Supplied material:

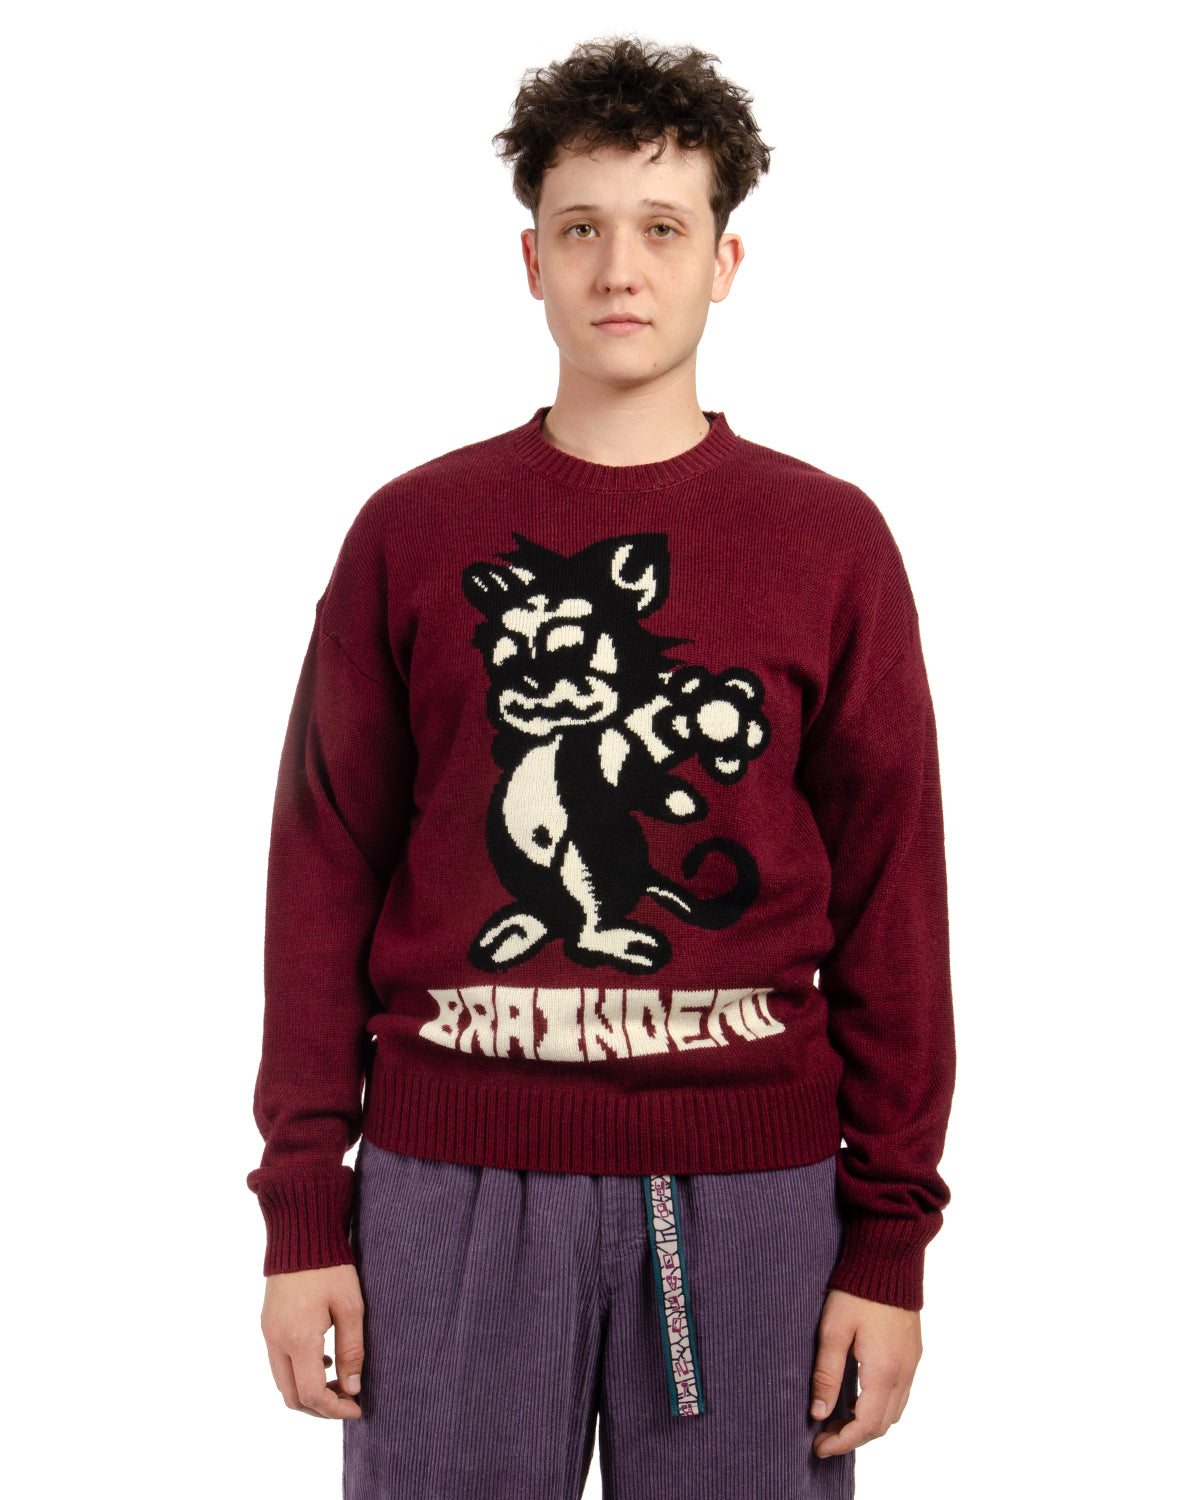 Meow Knit Sweater - Raspberry – Brain Dead
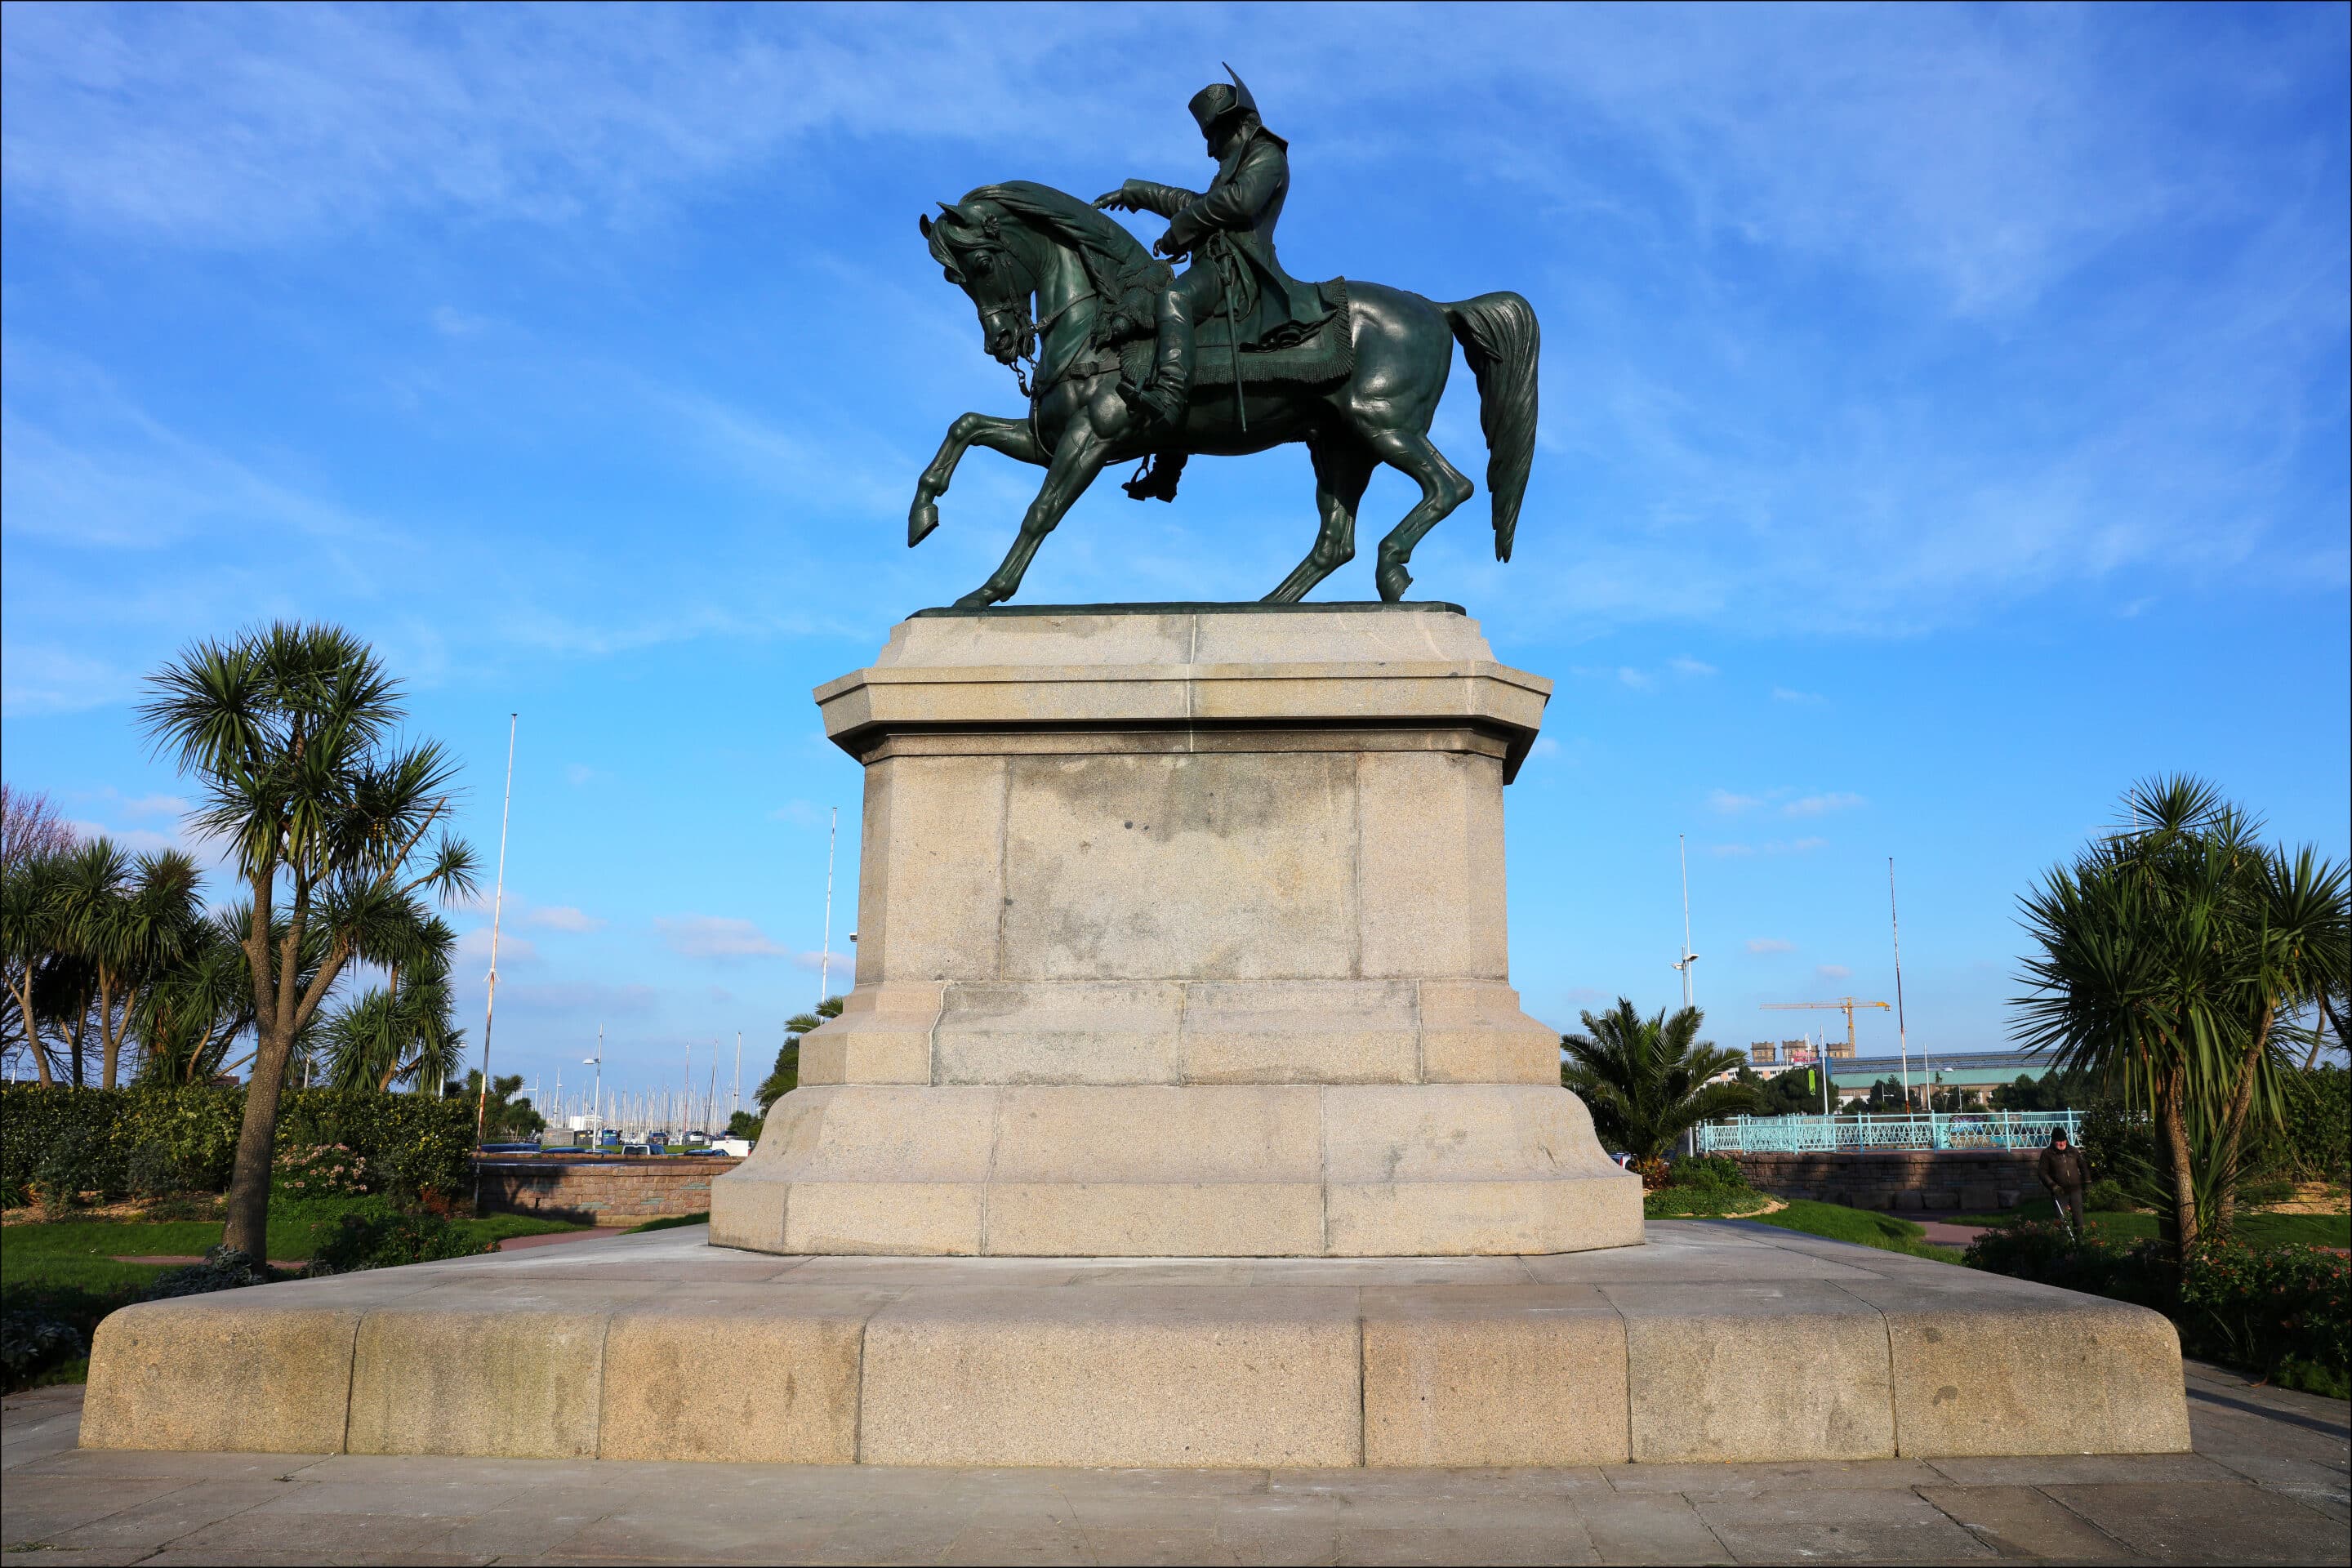 Le monument à Napoléon, œuvre d'Armand Le Véel inaugurée en 1858, est un monument commémoratif de la Manche, situé place Napoléon, à Cherbourg-Octeville.
Wiki commons
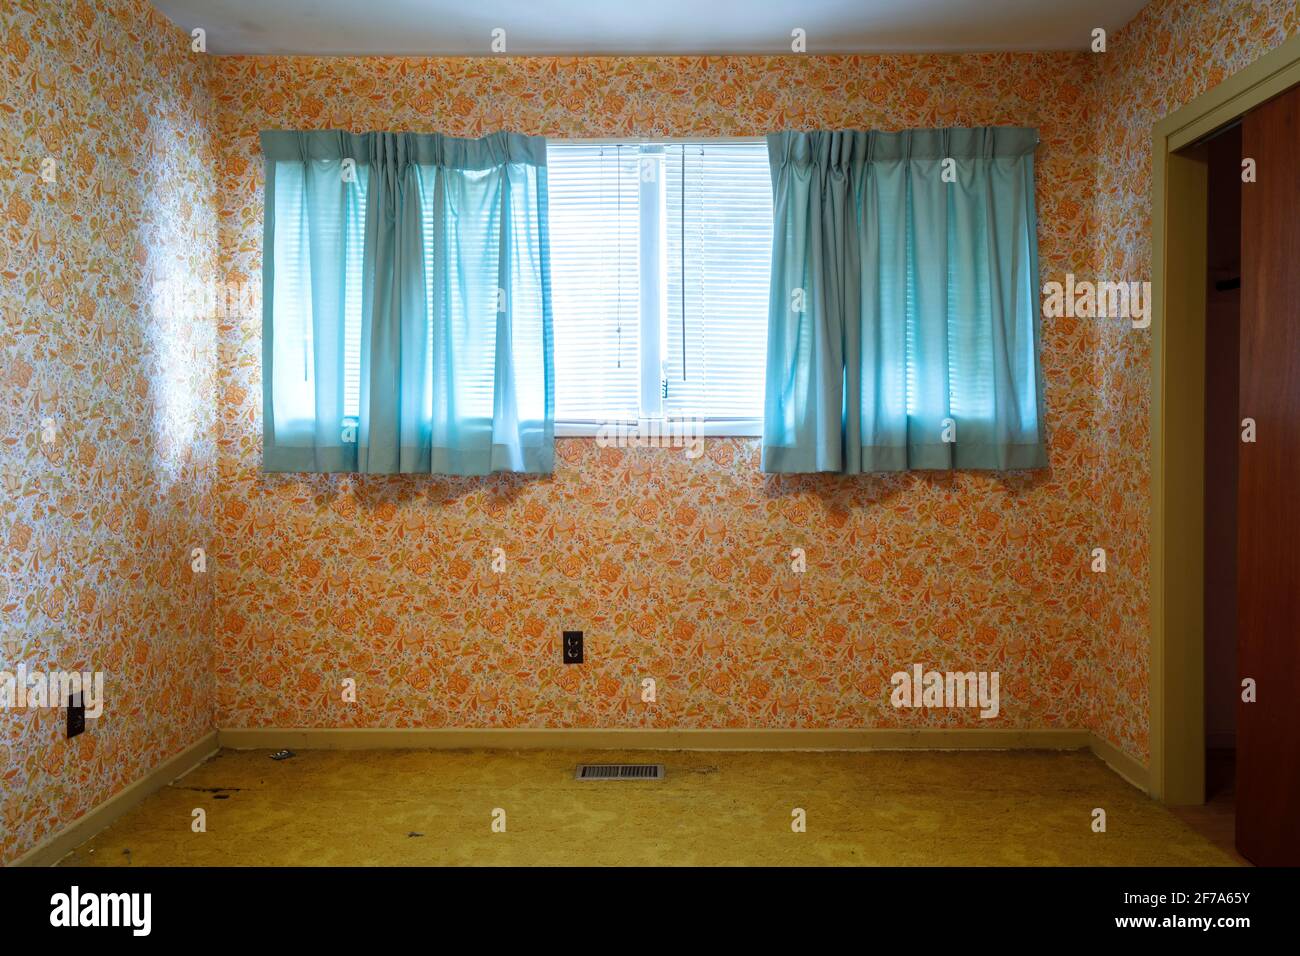 Papier peint rétro orange et rideaux bleus contrastés dans une chambre vide. Banque D'Images

Try it:
Since the pictures are not wanted, write out the rest of the data exactly as it reads.

Exercise solution:
 Meow Knit Sweater - Raspberry – Brain Dead
 Le monument à Napoléon, œuvre d'Armand Le Véel inaugurée en 1858, est un monument commémoratif de la Manche, situé place Napoléon, à Cherbourg-Octeville.
Wiki commons
 Papier peint rétro orange et rideaux bleus contrastés dans une chambre vide. Banque D'Images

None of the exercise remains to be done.